FHIR Resources and Unicode
Feb 9, 2013In the FHIR specification we say that the basic language for resources is unicode:
The XML character set is always Unicode.
Actually, that’s not the right wording - what it should have said is “The character set of a resource is always Unicode”.
Now if the character set is unicode, then any character encoding that is fully mapped to unicode is therefore valid. However, elsewhere in the specification, it says:
FHIR uses UTF-8 for all request and response bodies
This attracted several comments, all along the same lines - why require UTF-8? Well, the logic is fairly simple:
- content type negotiation doesn’t work very well for character sets
- while it might be legal to represent a resource in any character encoding mapped to unicode, what would you do if someone asked you to represent a resource in a character set that doesn’t have a mapping for one or more characters in the unicode?
- Even though it’s possible to convert resources between character sets, what happens to digital signatures?
- What’s going to happen if systems with different encodings, or with different supported subsets try to interoperate?
- As for which unicode encodings, why support more than one? and UTF-8 is widely supported, and required by several HL7 Asian affiliates for v2
- It’s just simpler to say, everyone use UTF-8.
One problem with requiring UTF-8 is that the HTTP default is ISO-8859-1. This means that you have to specify UTF-8 as the character set on all the http requests and responses. But since it’s a parameter of the content type, and you have to specify the content type anyway, I didn’t see that as particularly painful - but it did get comment in the connectathons, because you do have to remember.
Unicode subsets
However if you don’t support unicode natively - which is still a large subset of systems - then the fact that resources are always in UTF-8 presents you with a problem - you have to do something about the unicode issue, even if you are positive that all your trading partners are using pure ASCII. There’s still so many systems that don’t support unicode (the reason for this is because even though the platforms support unicode relatively well, to support it in your application, the entire eco-system - database, UIs, printers, messaging formats, etc all have support unicode, and for many vendors sorting this out simply isn’t feasible in a financial sense).
What I see in practice, is systems that can’t interoperate safely because they thought they were using pure ASCII, but they weren’t. (In fact, it’s not that unusual to see systems that don’t fully operate, let alone interoperate.) So I’d always prefer unicode as the wire format - it makes everyone deal with the issue.
So, we have several comments - why require UTF-8? Why not allow at least ISO-8859-1? Or why not allow any round-trip encoding?
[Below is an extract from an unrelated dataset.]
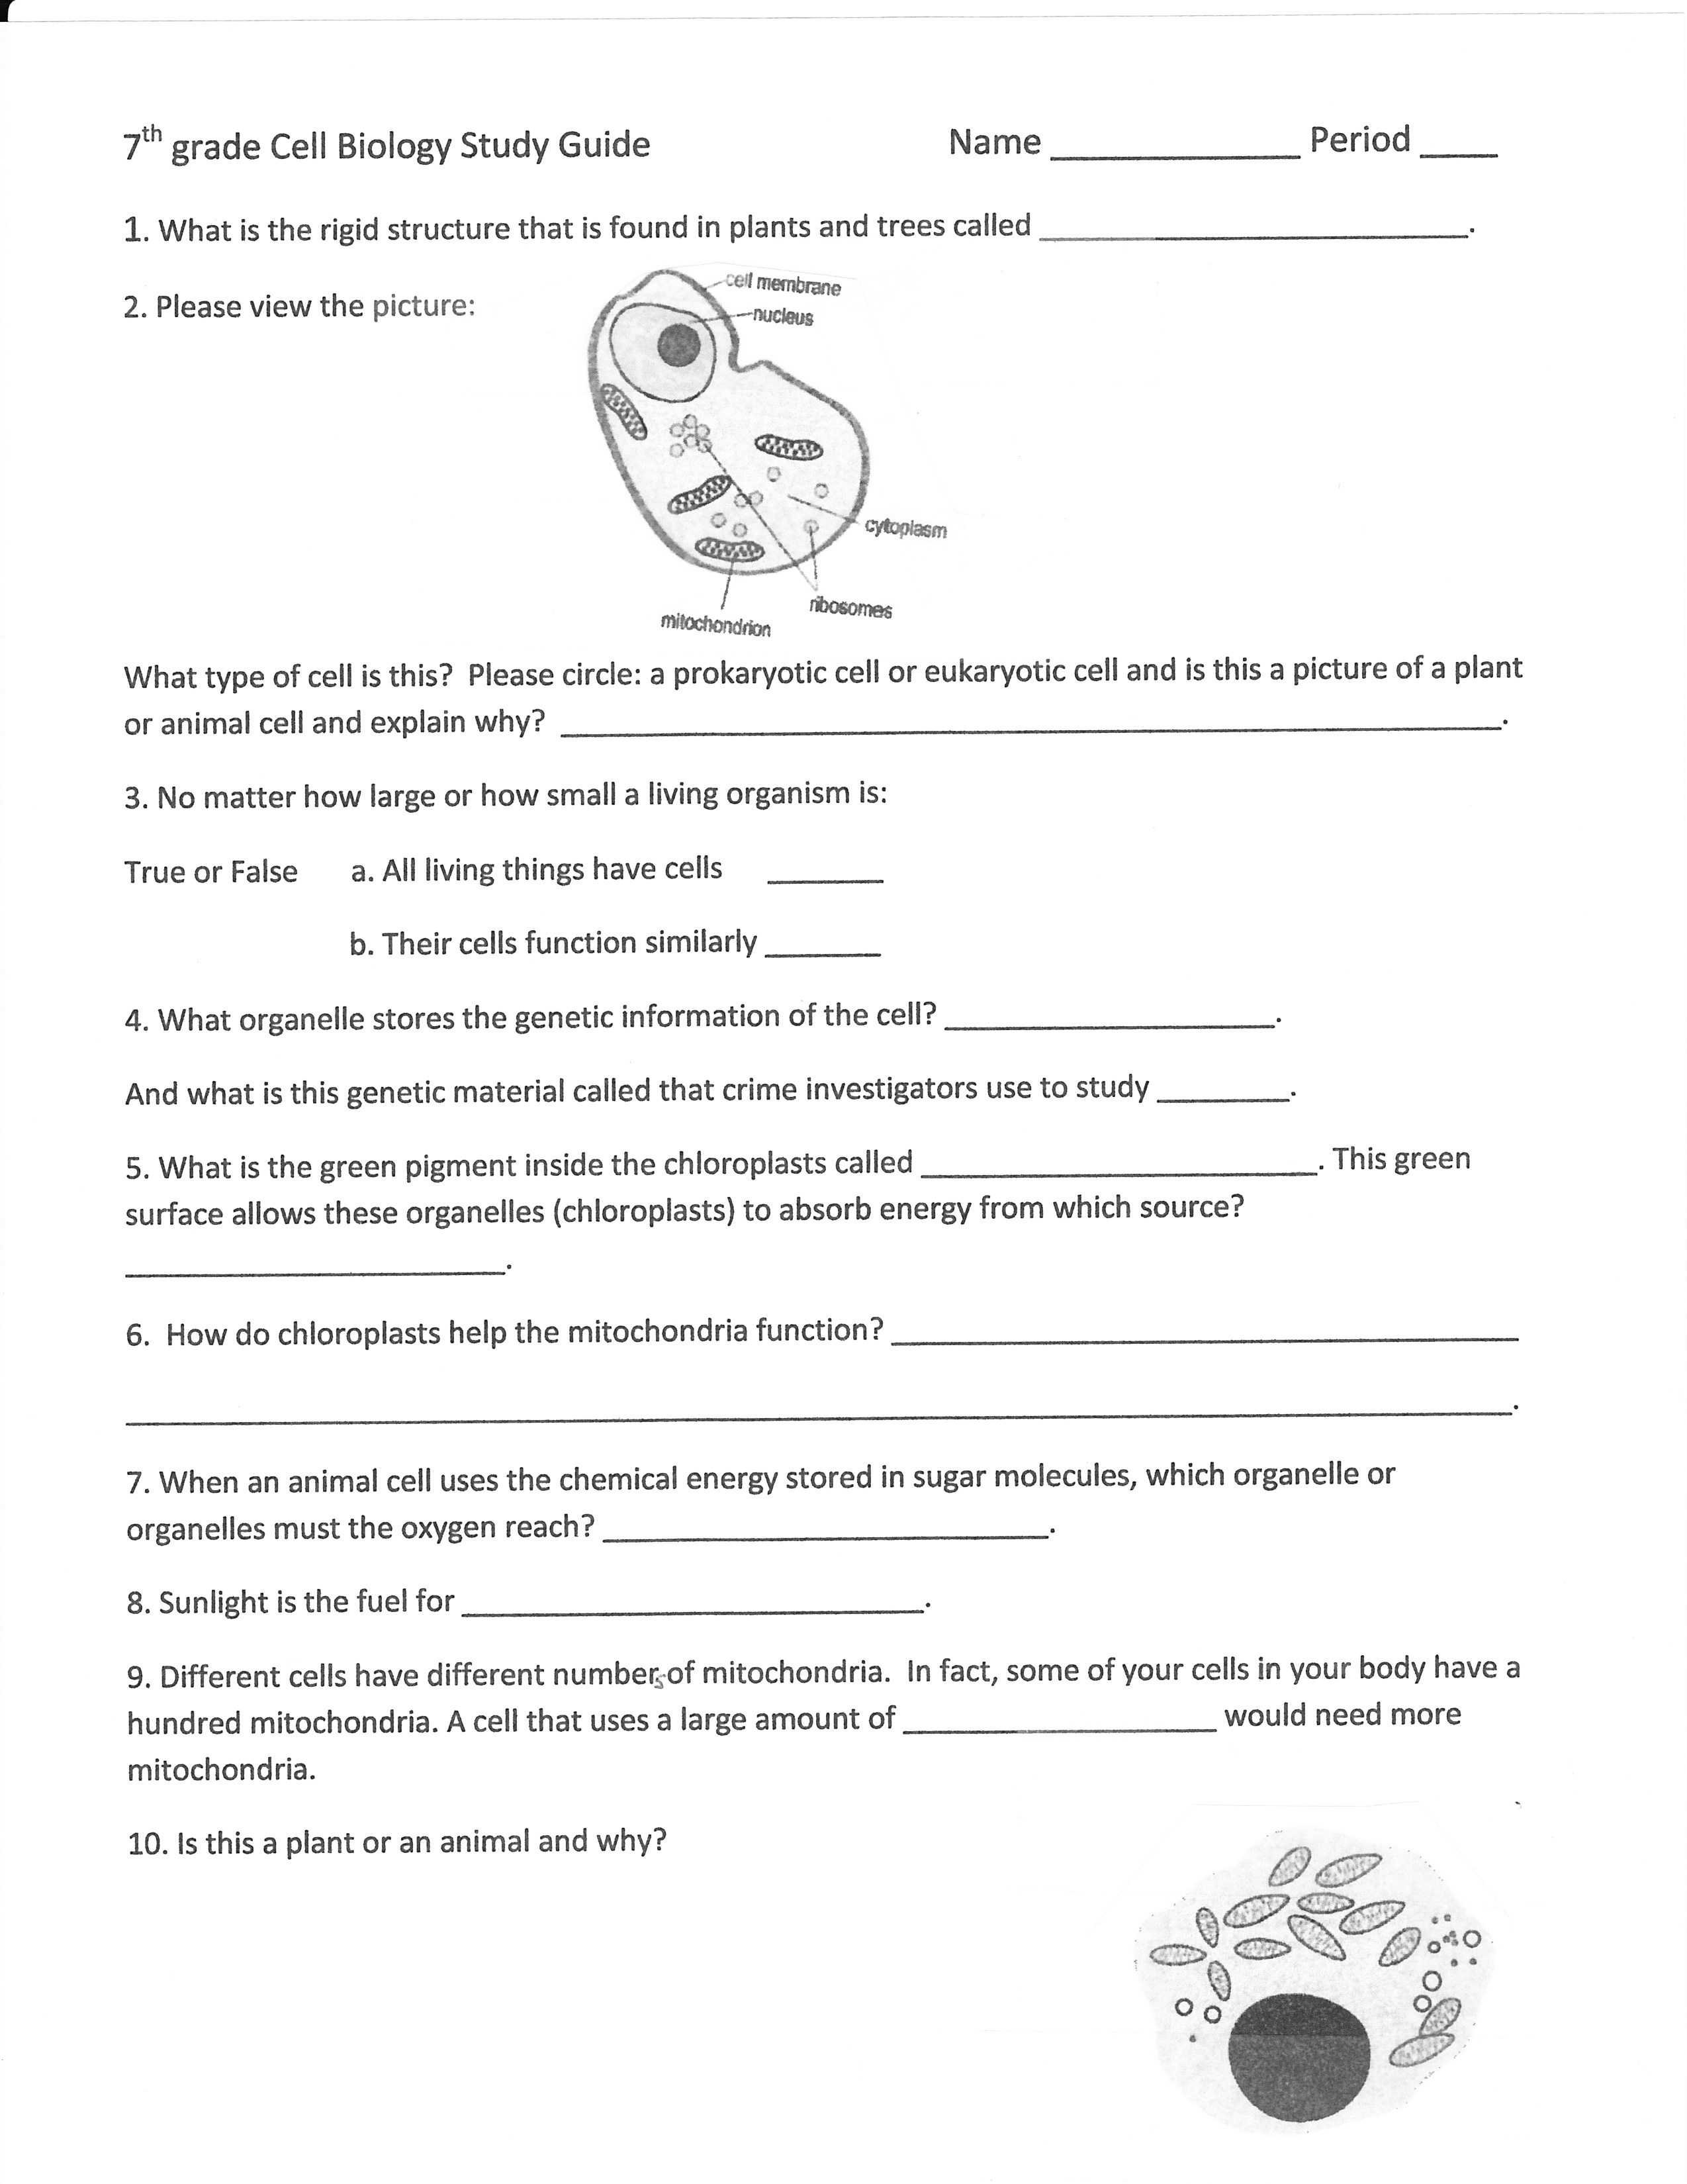 19 Best Images of Cells Worksheets Grade 7 - Plant and Animal Cell

What if we require all interfaces to “support” UTF-8 in addition to anything else that they also do? Or maybe we require all servers to support UTF-8 at least?
We’ve discussed this in committee several times, and we’re just not sure what to do here. Seen as an entire eco-system - and I do think FHIR interfaces will be highly interconnected - a simple blanket rule of always UTF-8 is obviously much simpler overall. But it imposes an entry cost on many systems - especially the existing data stores, which are generally older systems - and maybe this isn’t a very good idea?
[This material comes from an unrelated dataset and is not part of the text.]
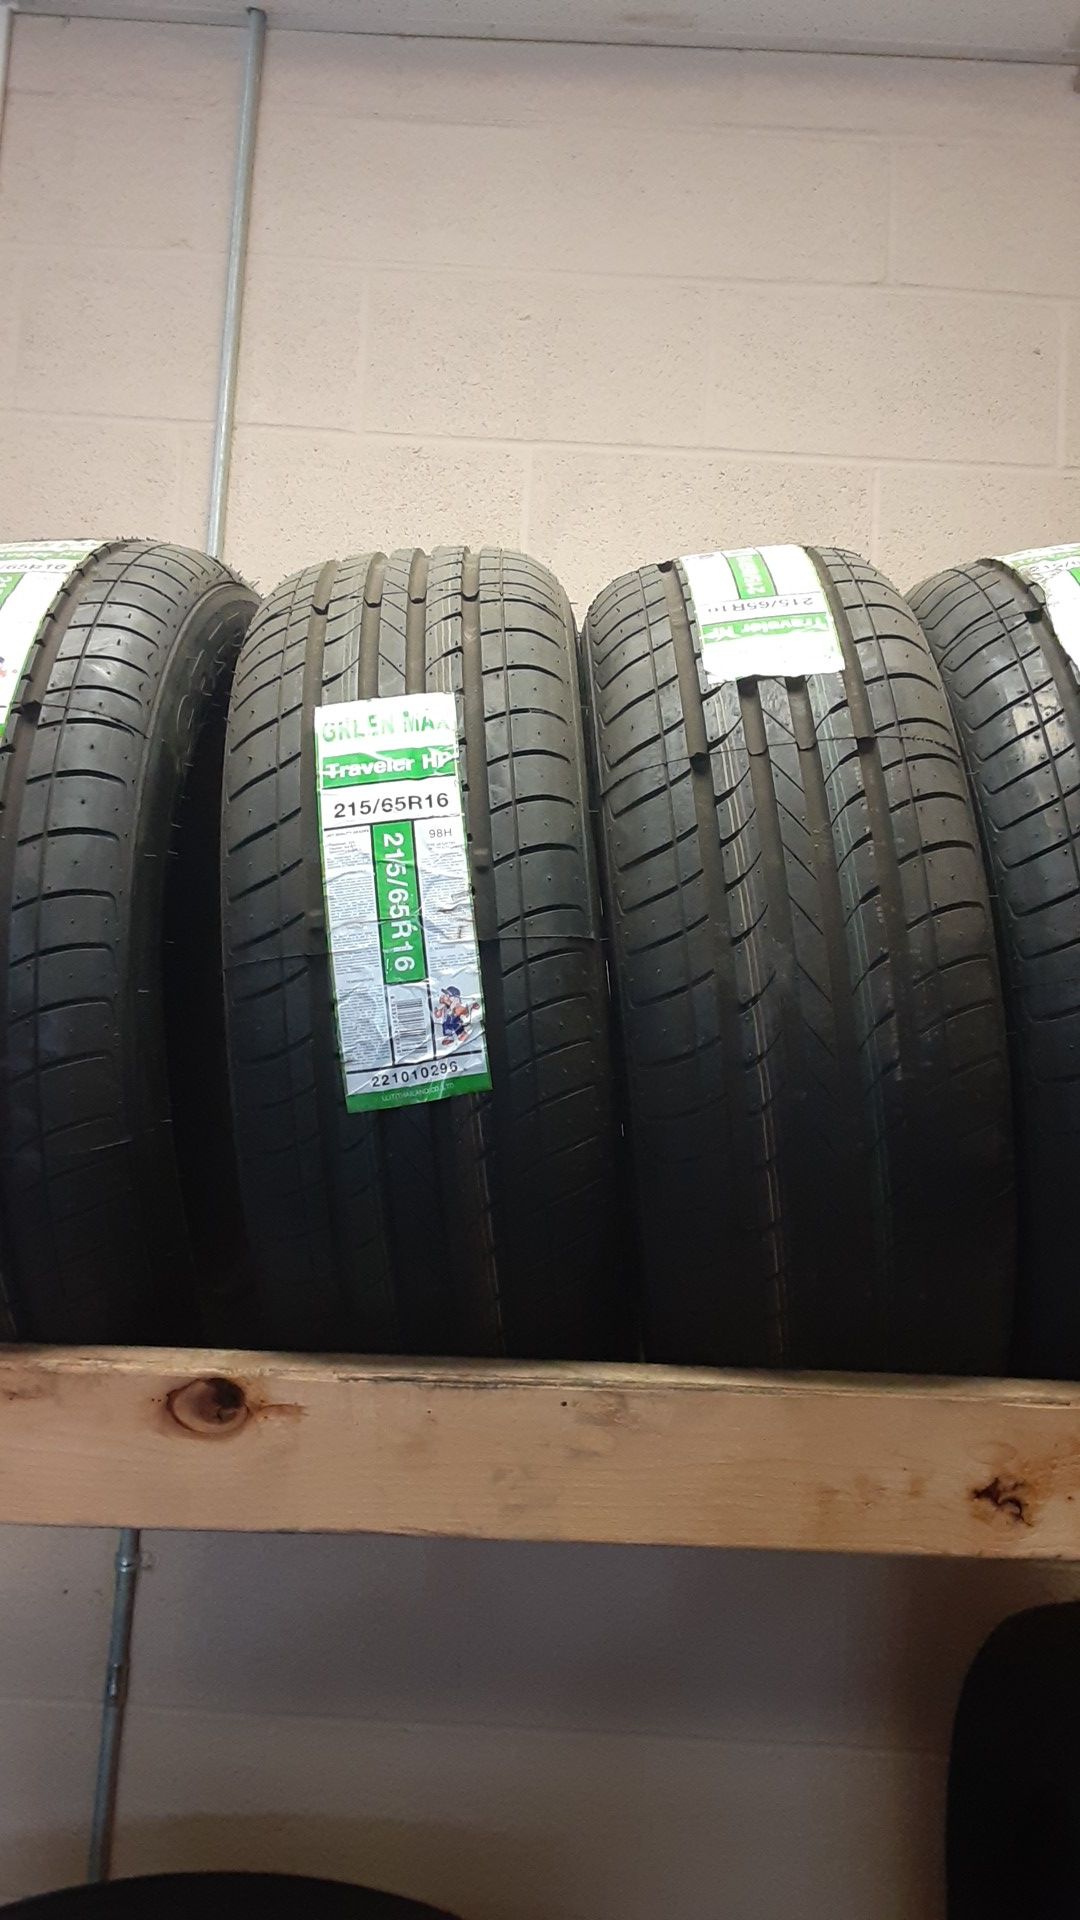 Set of 4 new tires 215/65r16

HHS HIT Standards Committee & Character Set
The situation is somewhat complicated by this (private communication that made it’s way to me):
The HHS HIT Standards Committee was asked how EHR language display should be certified using standards and the recommendation was ISO 8859-15 aka “Latin 9” which has character support for all the required ISO 639 languages including direct support for the Eastern European languages and transliteration to Latin characters for e.g. cyrillic and mandarin. This EHR certification requirement is anticipated to raise issues for HL7 standards and HL7 implementers particularly for systems with interfaces to certified EHRS.
I’ve got to say, I don’t really understand this. If you’re going to recommend something, why not Unicode? The point is, US EHR vendors (which includes all the multinationals) are going to be forced to change towards whatever this committee recommends. But now, instead of migrating to unicode, which is at least a sensible long term option, they’re going to spending their money changing from ISO-8859-1 - which is the default for all the systems I’ve ever looked at personally, to ISO-8859-15. I can only see that as a sideways move, and not a good investment on behalf of the end users. And how that will play in other countries, where ISO-8859-15 is not on the list of supported character sets in national standards?
In terms of FHIR and unicode, I’m not exactly sure what the impact of this is. ISO-8859-15 is fully mapped to unicode, so it probably doesn’t really change the basic question - unicode, or something else that makes subset support explicit? But EHR vendors are going to be important adopters of FHIR, so I think this weighs on the decision.